Re: Trouble migrating state from 1.6.3 to 1.7.1

2019-01-28 Thread pwestermann
Just using a copy of AvroSerializer with the serialVersionUID set to 1 did
not work. There was a NullPointerException on the next checkpoint, probably
because previousSchema doesn't exist in the old serializer.

However, the version from the PR with serialVersionUID set to 1 worked. (I
didn't want to have to change classes in flink-core, that's why I just
changed the serialVersionUID).

Thanks again Gordon!

Peter





--
Sent from: http://apache-flink-user-mailing-list-archive.2336050.n4.nabble.com/


Re: Trouble migrating state from 1.6.3 to 1.7.1

2019-01-28 Thread Tzu-Li (Gordon) Tai
Thanks Peter! Yes, it would also be great if you try the patch in
https://github.com/apache/flink/pull/7580 out and see if that works for you.

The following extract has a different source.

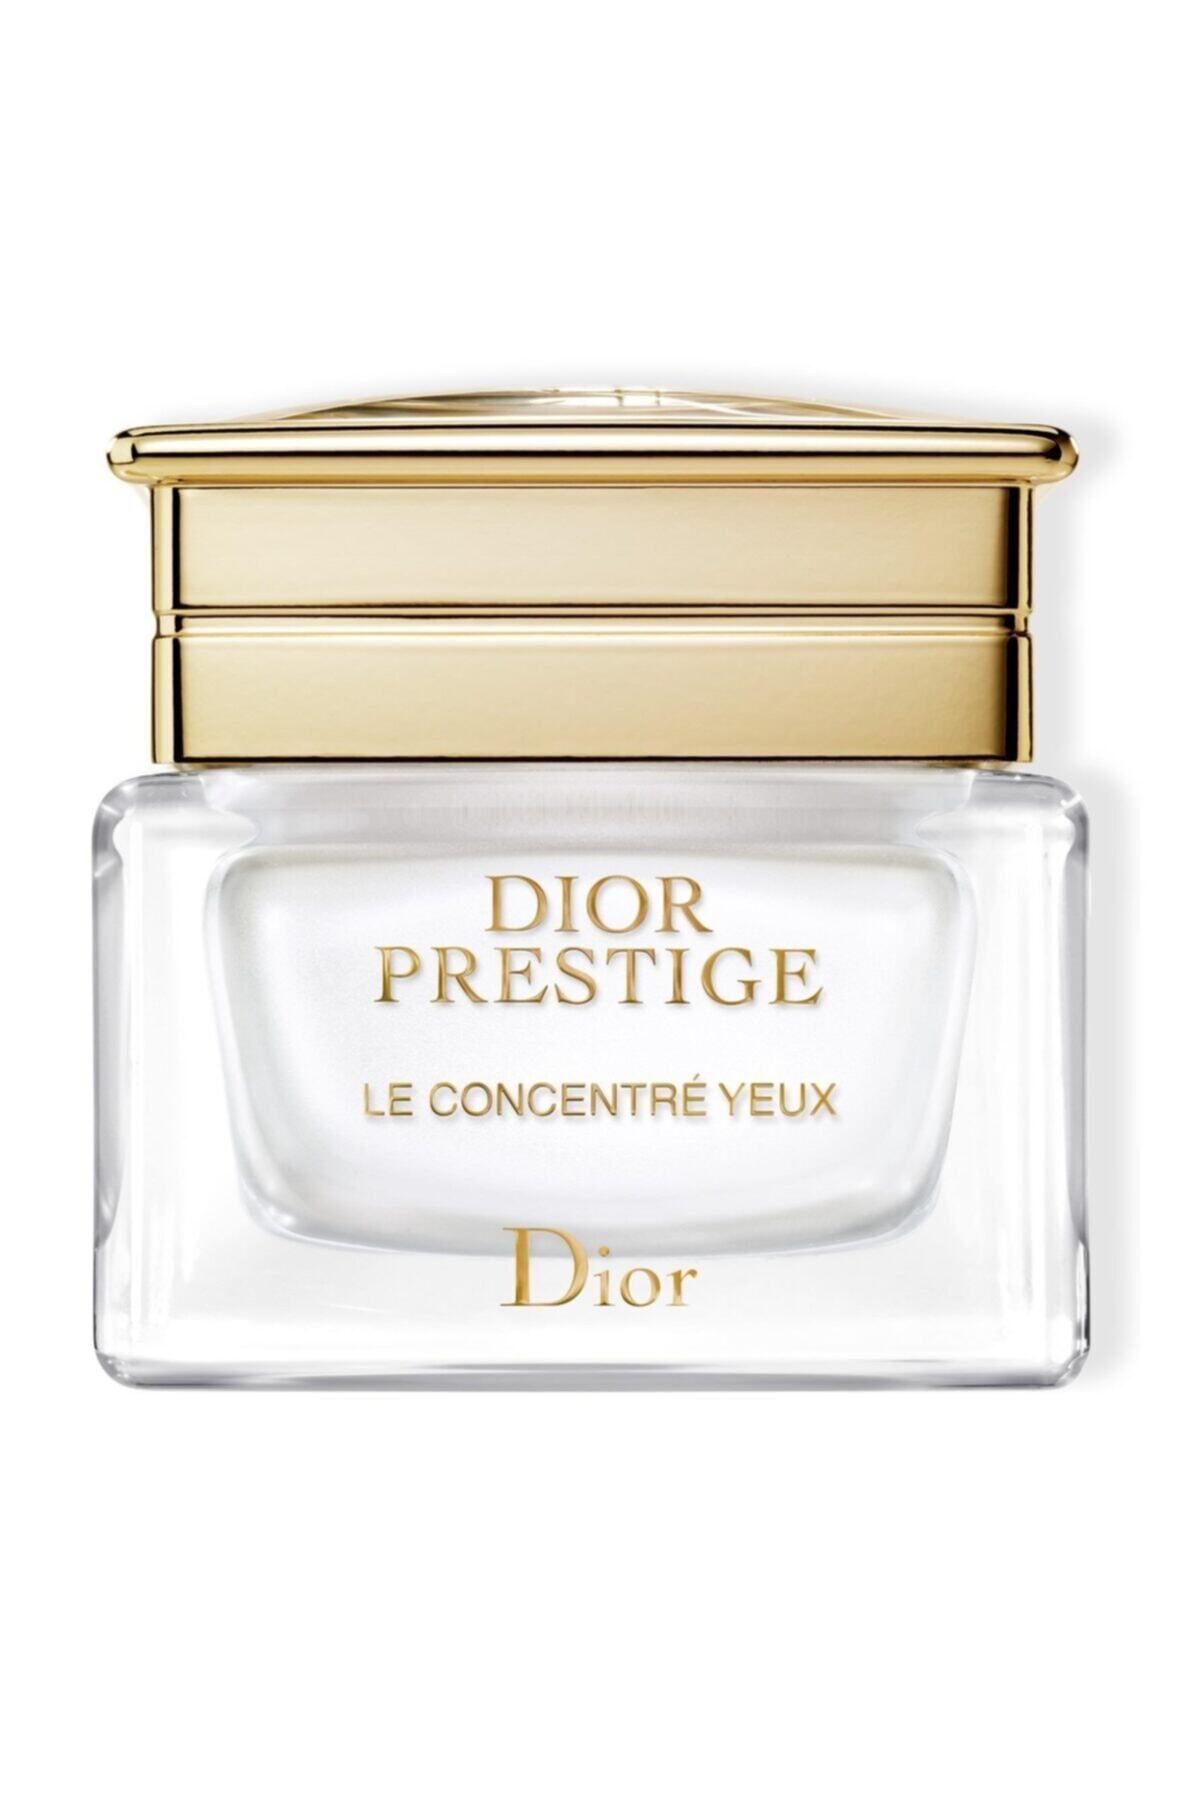 Dior PRESTİGE LE CONCENTRÉ YEUX - ANTİ-FİNE LİNE EYE CONTOUR CARE 15 ML DEMBA1407
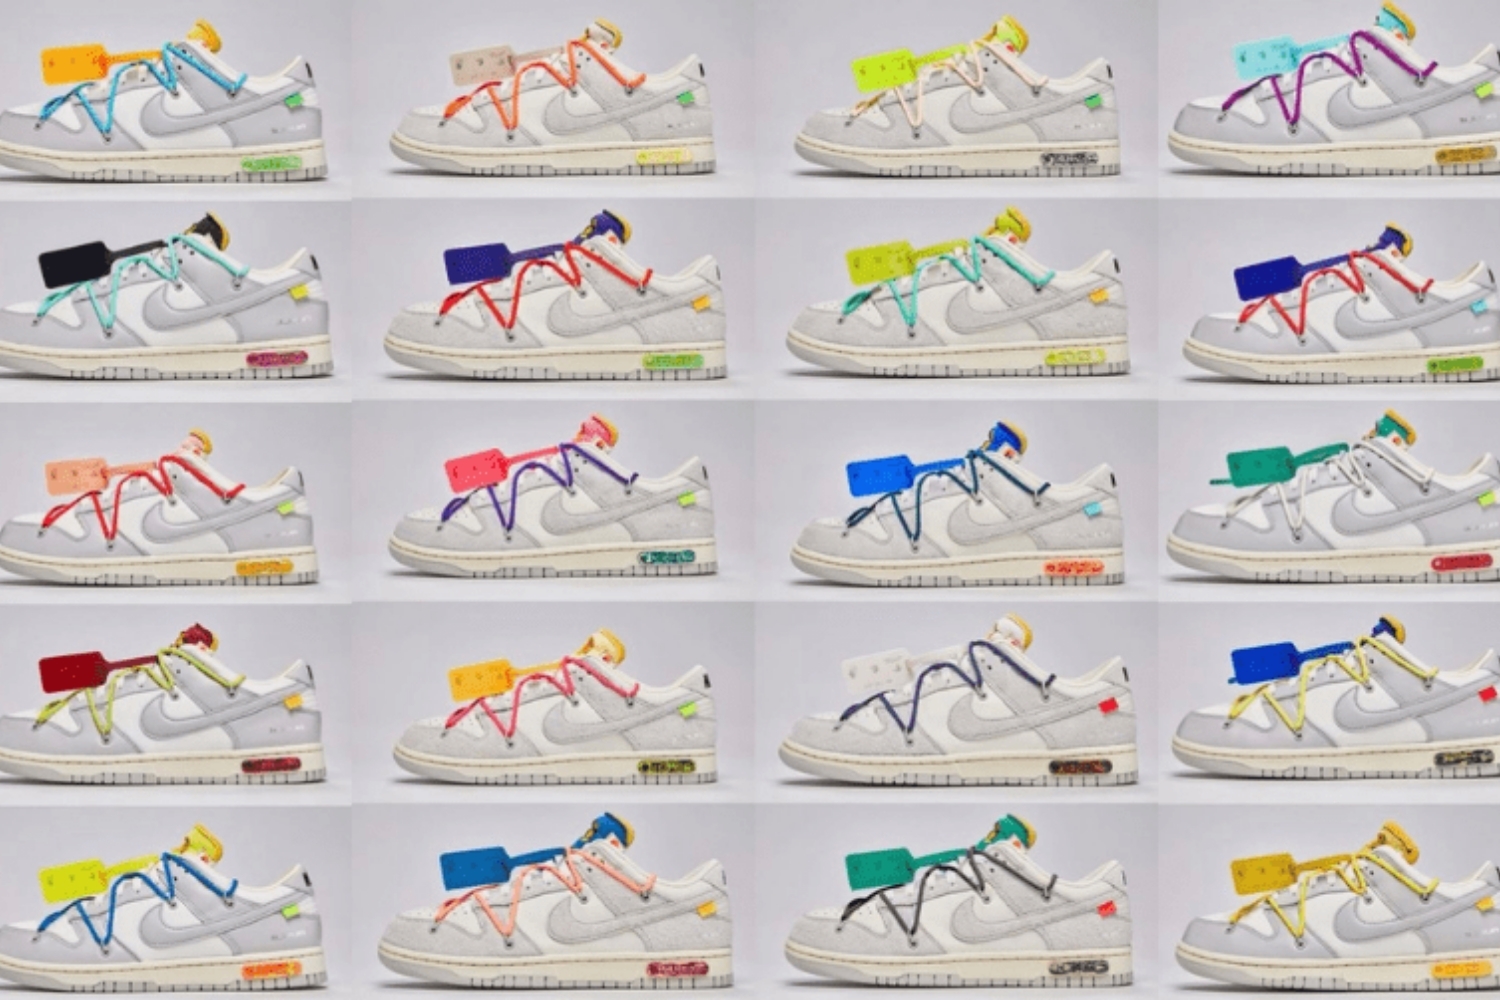 Beschenkt uns Virgil Abloh mit 50 verschiedenen Off-White x Nike Dunks 😱

On Mon, Jan 28, 2019 at 7:47 PM pwestermann 
wrote:

> Hi Gordon,
>
> We should be able to wait for 1.7.2 but I will also test the workaround and
> post if I run into further issues.
>
> Thanks a lot!
> Peter
>
>
>
> --
> Sent from:
> http://apache-flink-user-mailing-list-archive.2336050.n4.nabble.com/
>


Re: Trouble migrating state from 1.6.3 to 1.7.1

2019-01-28 Thread pwestermann
Hi Gordon,

We should be able to wait for 1.7.2 but I will also test the workaround and
post if I run into further issues.

Thanks a lot!
Peter



--
Sent from: http://apache-flink-user-mailing-list-archive.2336050.n4.nabble.com/


Re: Trouble migrating state from 1.6.3 to 1.7.1

2019-01-28 Thread Tzu-Li (Gordon) Tai
Hi,

Thanks for all the information and reporting this.
We've identified this to be an actual issue:
https://issues.apache.org/jira/browse/FLINK-11436.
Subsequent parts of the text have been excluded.